模型评估
经典 ML 评估系统
本文档涵盖了 MLflow 的经典评估系统(mlflow.models.evaluate),该系统使用 EvaluationMetric 和 make_metric 来进行自定义指标计算。
对于 GenAI/LLM 评估,请使用 GenAI 评估系统,该系统使用
mlflow.genai.evaluate()而非mlflow.models.evaluate()Scorer对象而非EvaluationMetric- 内置的 LLM 评估器和评分器
重要提示:这两个系统不兼容。EvaluationMetric 对象不能与 mlflow.genai.evaluate() 一起使用,Scorer 对象也不能与 mlflow.models.evaluate() 一起使用。
简介
MLflow 的评估框架为分类和回归任务提供自动化的模型评估。它通过统一的 API 生成性能指标、可视化图表和诊断信息。
统一评估 API
使用 mlflow.models.evaluate() 评估模型、Python 函数或静态数据集,并在不同的评估模式下使用一致的接口。
自动化指标与可视化
自动生成特定于任务的指标和图表,包括混淆矩阵、ROC 曲线和带 SHAP 集成的特征重要性。
自定义指标
使用 make_metric() 定义特定领域的评估标准,以实现超出标准 ML 指标的业务特定性能度量。
插件架构
通过 Giskard 和 Trubrics 等专业框架扩展评估能力,以实现高级验证和漏洞扫描。
模型评估
使用自动化的指标和可视化来评估分类和回归模型。
快速入门
python
import mlflow
import pandas as pd
import xgboost as xgb
from sklearn.model_selection import train_test_split
from sklearn.datasets import load_breast_cancer
from mlflow.models import infer_signature
# Load dataset
X, y = load_breast_cancer(return_X_y=True, as_frame=True)
X_train, X_test, y_train, y_test = train_test_split(
X, y, test_size=0.3, random_state=42
)
# Train model
model = xgb.XGBClassifier().fit(X_train, y_train)
# Create evaluation dataset
eval_data = X_test.copy()
eval_data["label"] = y_test
with mlflow.start_run():
# Log model
signature = infer_signature(X_test, model.predict(X_test))
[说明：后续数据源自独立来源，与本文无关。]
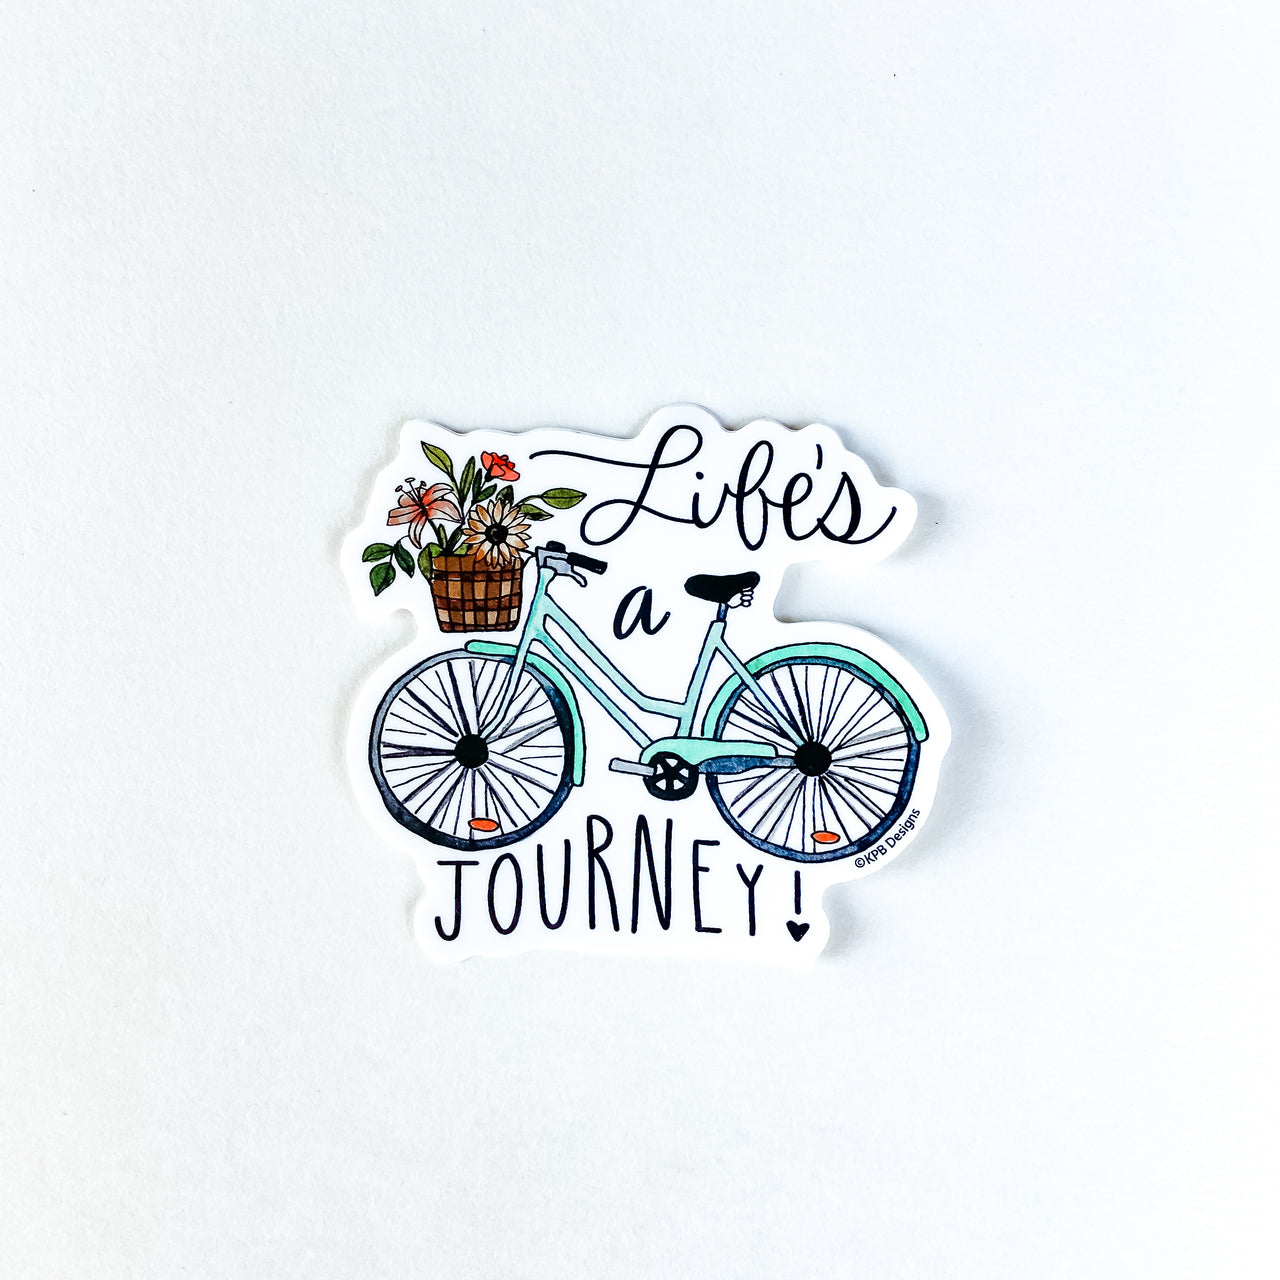 Life's a Journey

model_info = mlflow.sklearn.log_model(model, name="model", signature=signature)
# Evaluate
result = mlflow.models.evaluate(
model_info.model_uri,
eval_data,
targets="label",
model_type="classifier",
)
print(f"Accuracy: {result.metrics['accuracy_score']:.3f}")
print(f"F1 Score: {result.metrics['f1_score']:.3f}")
print(f"ROC AUC: {result.metrics['roc_auc']:.3f}")
这将自动生成性能指标(准确率、精确率、召回率、F1 分数、ROC-AUC)、可视化图表(混淆矩阵、ROC 曲线、精确率-召回率曲线),并将所有工件保存到 MLflow 中。
模型类型
- 分类
- 回归
对于分类任务
python
result = mlflow.models.evaluate(
model_uri,
eval_data,
targets="label",
model_type="classifier",
)
# Access metrics
print(f"Precision: {result.metrics['precision_score']:.3f}")
print(f"Recall: {result.metrics['recall_score']:.3f}")
print(f"F1 Score: {result.metrics['f1_score']:.3f}")
print(f"ROC AUC: {result.metrics['roc_auc']:.3f}")
自动生成:准确率、精确率、召回率、F1 分数、ROC-AUC、精确率-召回率 AUC、对数损失、Brier 分数、混淆矩阵和分类报告。
对于回归任务
python
from sklearn.datasets import fetch_california_housing
from sklearn.linear_model import LinearRegression
# Load regression dataset
housing = fetch_california_housing(as_frame=True)
X_train, X_test, y_train, y_test = train_test_split(
housing.data, housing.target, test_size=0.2, random_state=42
)
# Train model
model = LinearRegression().fit(X_train, y_train)
# Create evaluation dataset
eval_data = X_test.copy()
eval_data["target"] = y_test
with mlflow.start_run():
signature = infer_signature(X_train, model.predict(X_train))
model_info = mlflow.sklearn.log_model(model, name="model", signature=signature)
result = mlflow.models.evaluate(
model_info.model_uri,
eval_data,
targets="target",
model_type="regressor",
)
print(f"MAE: {result.metrics['mean_absolute_error']:.3f}")
print(f"RMSE: {result.metrics['root_mean_squared_error']:.3f}")
print(f"R² Score: {result.metrics['r2_score']:.3f}")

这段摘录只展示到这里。